Baku to raise Armenian PM wife's "humanitarian Karabakh visit" attempt before Russian MFA
Baku, Azerbaijan, Oct. 5
By Leman Zeynalova – Trend:
Azerbaijan will raise an issue before the Russian Foreign Ministry about the initiative of the Armenian prime minister’s wife Anna Hakobyan to organize an illegal visit of Russia’s women to Azerbaijan’s occupied territories, Leyla Abdullayeva, spokesperson of the Azerbaijani Foreign Ministry, told Trend Oct. 5.
She was commenting on Hakobyan's campaign “Women for Peace” and in this context the intention of a group of women from Russia to visit the occupied Nagorno-Karabakh region of Azerbaijan.

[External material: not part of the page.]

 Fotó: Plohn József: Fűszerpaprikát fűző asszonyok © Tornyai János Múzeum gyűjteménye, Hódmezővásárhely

"As a woman and a mother, I can understand that the "Women for Peace" initiative launched by Armenian Prime Minister's spouse Mrs. A.Hakobyan is based on the humanitarian principles. But, if the main purpose of this initiative is to prevent the death of young soldiers and innocent people, then it is necessary to look at very roots of the problem and to answer the question "What are the soldiers of Armenia doing on the territory of Azerbaijan?” Mrs. A.Hakobyan did not properly select the targets for her humanitarian mission; in order to prevent the death of young people, first and foremost, she should start from the public of Armenia, urge Armenia to end the occupation of the Azerbaijani territories and refrain Armenian women and mothers to send their sons to the occupied lands of Azerbaijan," said Abdullayeva.

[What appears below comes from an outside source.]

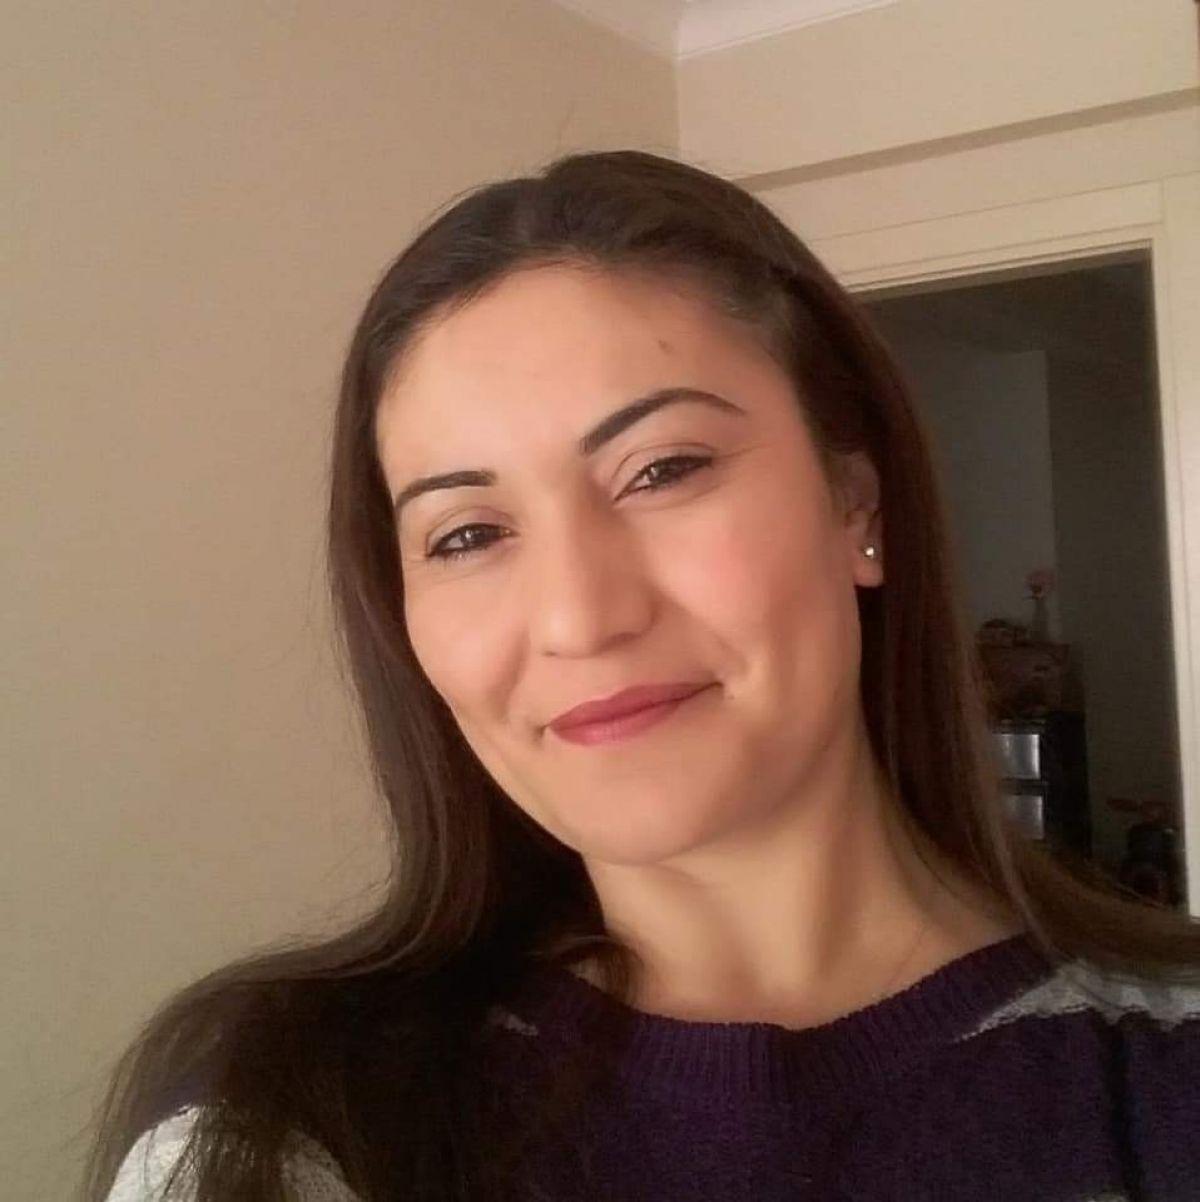 İzmir de sevgilisini boğazından keserek öldüren zanlı: Psikolojim bozuk #1
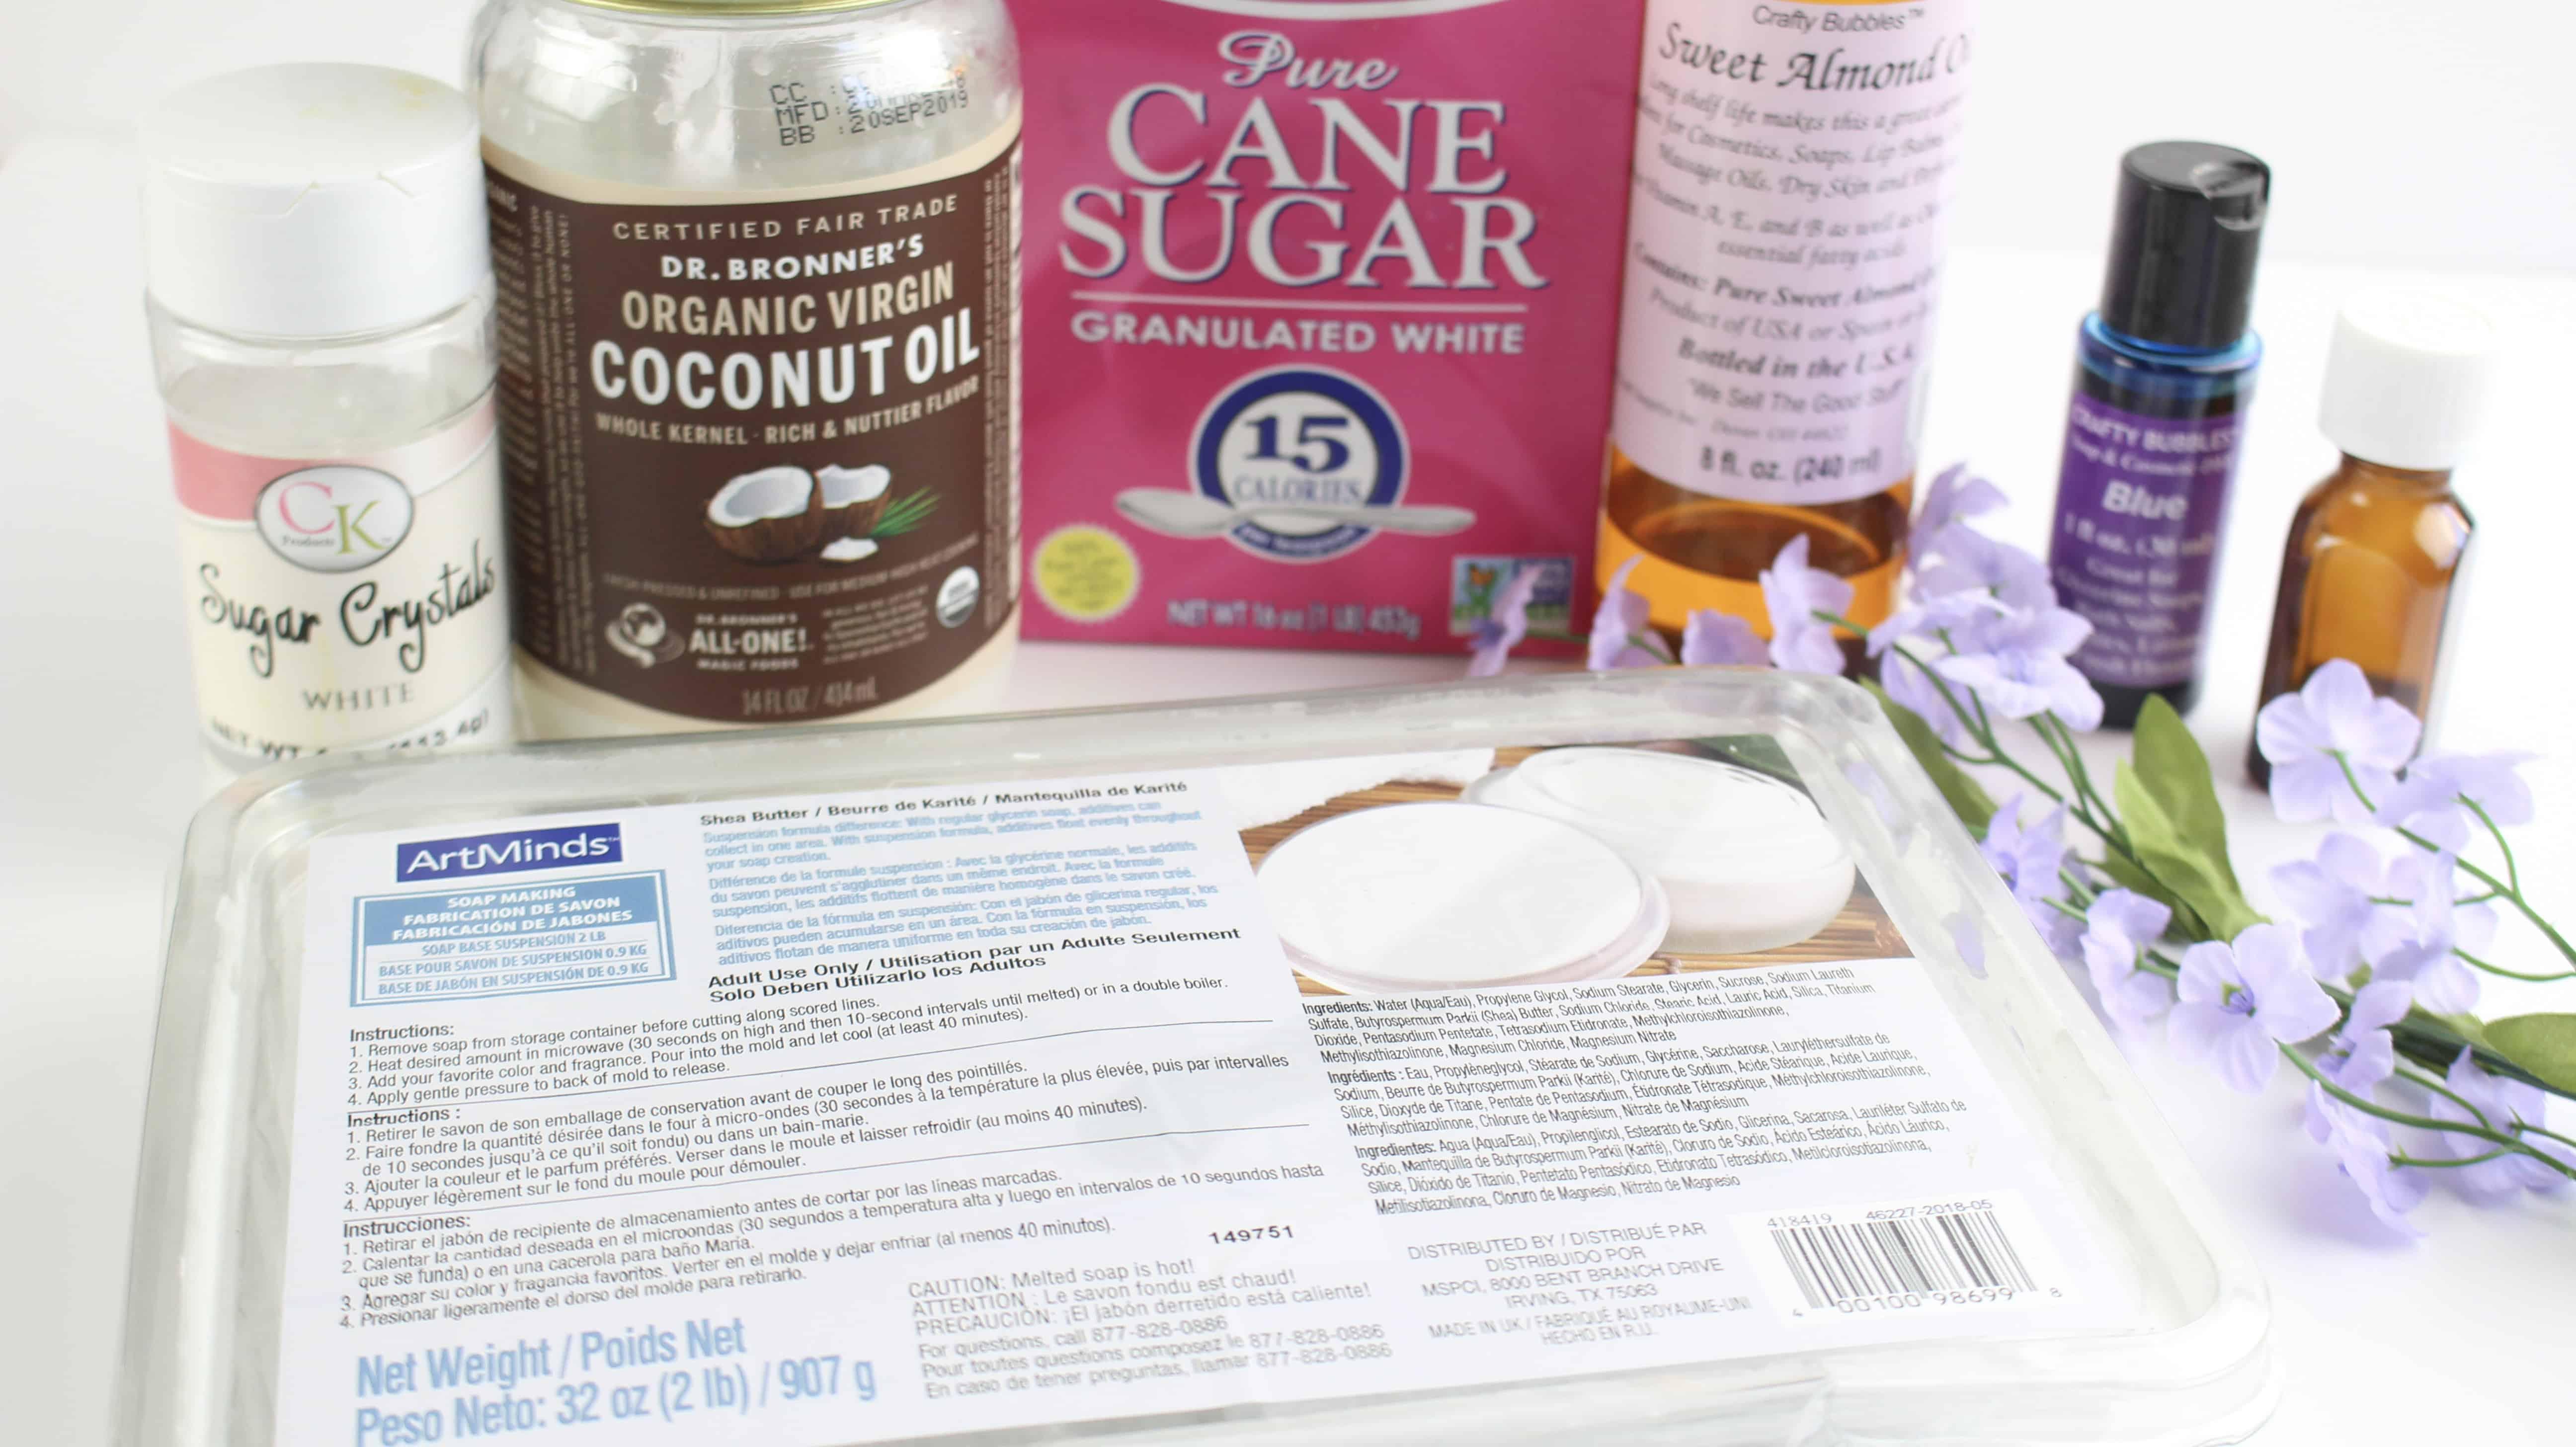 Sugar Cube Scrub ingredients

She noted that obviously, this initiative is aimed in the current situation, in particular, before the elections, for the domestic audience of Armenia.
"However, it should be taken into account that such initiatives under the name of “humanitarian mission”, encouraging a group of women from the Russian Federation to visit the occupied territories of Azerbaijan, do not comply with the mandate of Russia as the OSCE Minsk Group co-chair country, do not serve the conflict settlement purposes, and also, do not meet the spirit of the conversation held in Dushanbe between the President of the Republic of Azerbaijan and the Armenian Prime Minister. This issue will be raised by the Embassy of The Republic of Azerbaijan in Moscow with the Foreign Ministry of the Russian Federation," she said.
The conflict between the two South Caucasus countries began in 1988 when Armenia made territorial claims against Azerbaijan. As a result of the ensuing war, in 1992 Armenian armed forces occupied 20 percent of Azerbaijan, including the Nagorno-Karabakh region and seven surrounding districts.
The 1994 ceasefire agreement was followed by peace negotiations. Armenia has not yet implemented four UN Security Council resolutions on withdrawal of its armed forces from the Nagorno-Karabakh and the surrounding districts.